I don’t mind some scholarly skepticism in the realm of historical criticism (higher criticism), but I reject the idea of its proponents who, owing to their emphasis on textual corruption, believe it is impossible to even speak about an original text, since these persons view the text as being unstable for many years, even centuries.
For me, an autograph is an original manuscript, the production of which is clearly described in Scripture (Exodus 24:4; Colossians 4:18; Galatians6:11). This autograph includes manuscript production by amanuensis, who directly received the text by dictation from the Biblical author (Jeremiah 36:4,17-18; Romans 16:22; 1 Peter 5:12). All this was done via the divine instrumentality of God (1 Chronicles 28:19; 2 Timothy 3:16; 2 Peter 3:15-16).
I adopt the WCF’s distinctive reformed view by noting that the WCF’s identifying the Hebrew and Greek texts as authentical in no way requires a direct reference to the Hebrew and Greek autographa—as if some scaffolding for mounting an argument for infallibility is required. No, the arguments for (1)a received text free from major error (discounting scribal errors), and (2)Scripture as our infallible rule of faith and practice, rest upon the examination of the apographa we have received, as transmitted via the providential, preserving care of God from faithful copies.
On the matter of the term inspiration, I agree with A. A. Hodge, who writes in Outlines of Theology:
Can copies of Scripture be inspired? It depends. We can certainly deduce that the autographa were inspired, but it is also very logical for me to claim that apographic Scripture, what I define as faithful copies, is also theoneustos. When Paul wrote that all Scripture was theoneustos in 2 Tim 3:16, what existed at the time was not the autographa, but the faithful copies, the apographa. Accordingly, inspiration cannot be restricted to some lost autographs, unless we want to claim the church today is without an infallible Scripture.
I deny the views of some, such as Ehrman, that there is no possibility of recovering the original text (OT and NT) from existing manuscript witnesses. We have the preserved textual variants in our possession, which means we have all of the original words of Scripture—they are not lost to us. For example, along these lines I view the existence of textual archetypes as one potential means of recovering the original text. While we cannot prove the archetype is the original, we cannot prove that it is not. So, in my opinion, the skepticism of men like Ehrman is but a mere preference, probably determined by external presuppositions. When we can recover the original text is not something I can speculate about, yet that does not remove my confidence that it is possible.

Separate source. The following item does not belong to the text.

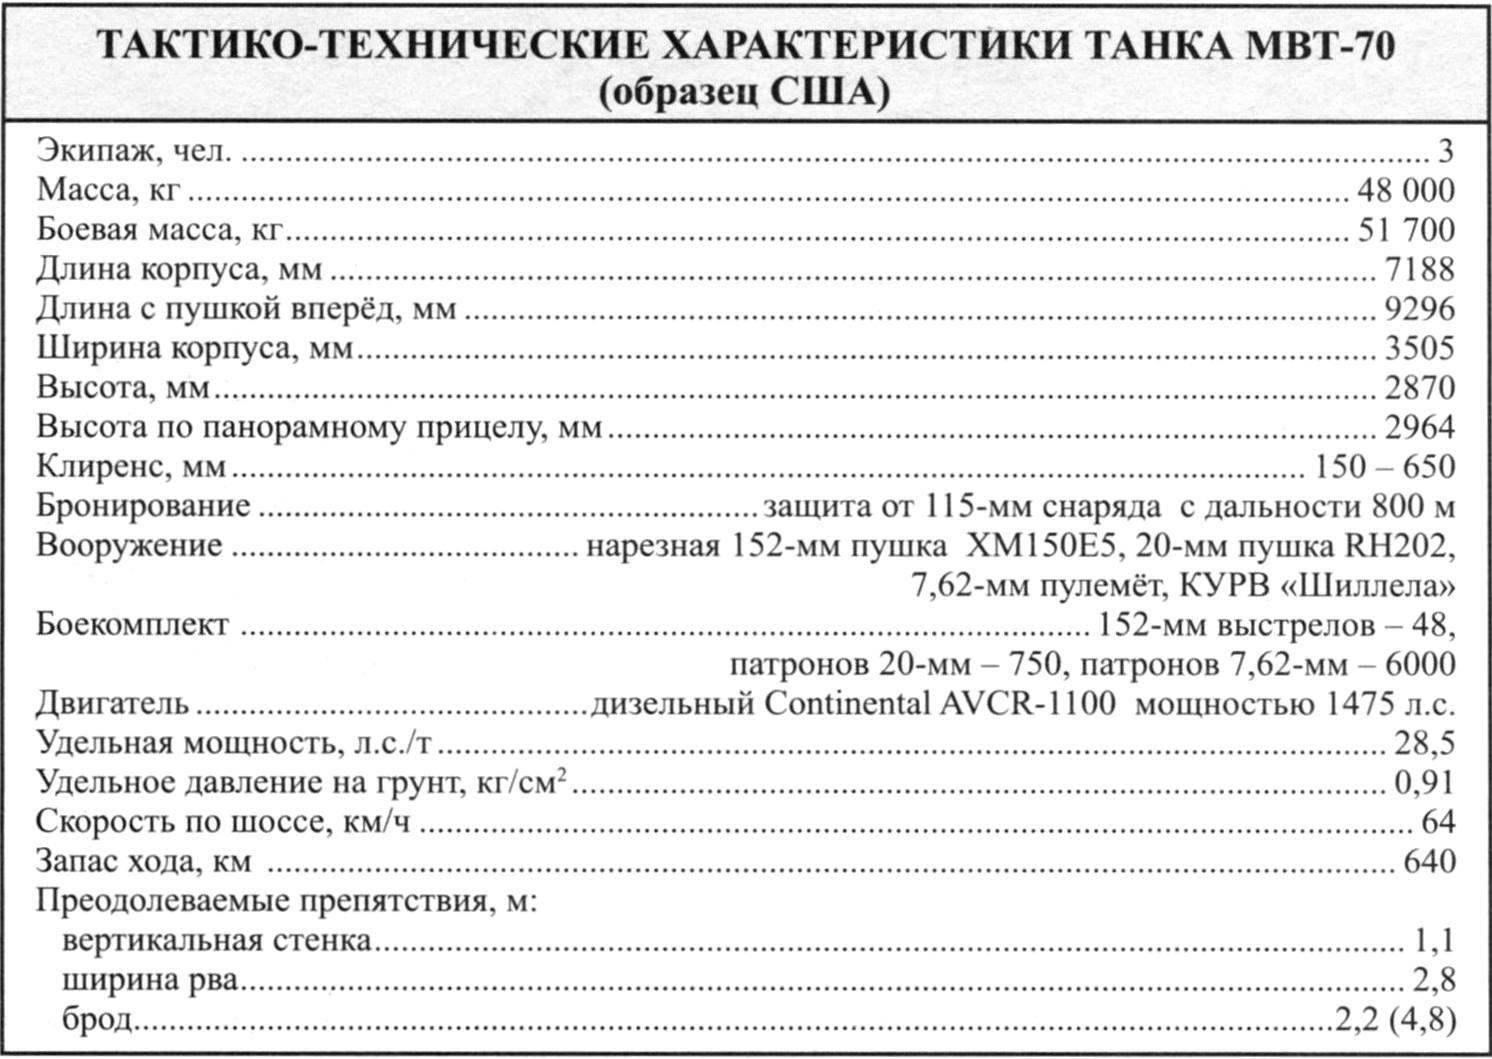 ТАКТИКО-ТЕХНИЧЕСКИЕ ХАРАКТЕРИСТИКИ ТАНКА МВТ-70 (образец США)

There is a difference between verbal inspiration and verbal inerrancy. Inspiration concerns the words of the text (2 Tim 3:16; 1 Peter 1:12), and inerrancy concerns the truth or trustworthiness of the statements they make (Luke 1:1-4; John 17:17; 2 Peter 1:16).
Lastly:
1. Regarding...
God spoke through the authors and He is not the God of confusion. God spoke phenomenologically when describing things, that is the way they appear to to human observers. So we find passages stating that the sun rises, which we know from science that it does not "rise" but appears to us to do so. Indeed, the Bible is not a scientific book, but the Bible does not impart misinformation when touching on scientific matters.
2. Exegesis/Hermeneutics
I do not believe we can no more separate exegesis from hermeneutics than we could separate the act of using a shovel from the hole it digs. If exegesis is nothing more than the science of parsing words, then it is the stuff of rote machine intelligence that results in a cold and wooden translation.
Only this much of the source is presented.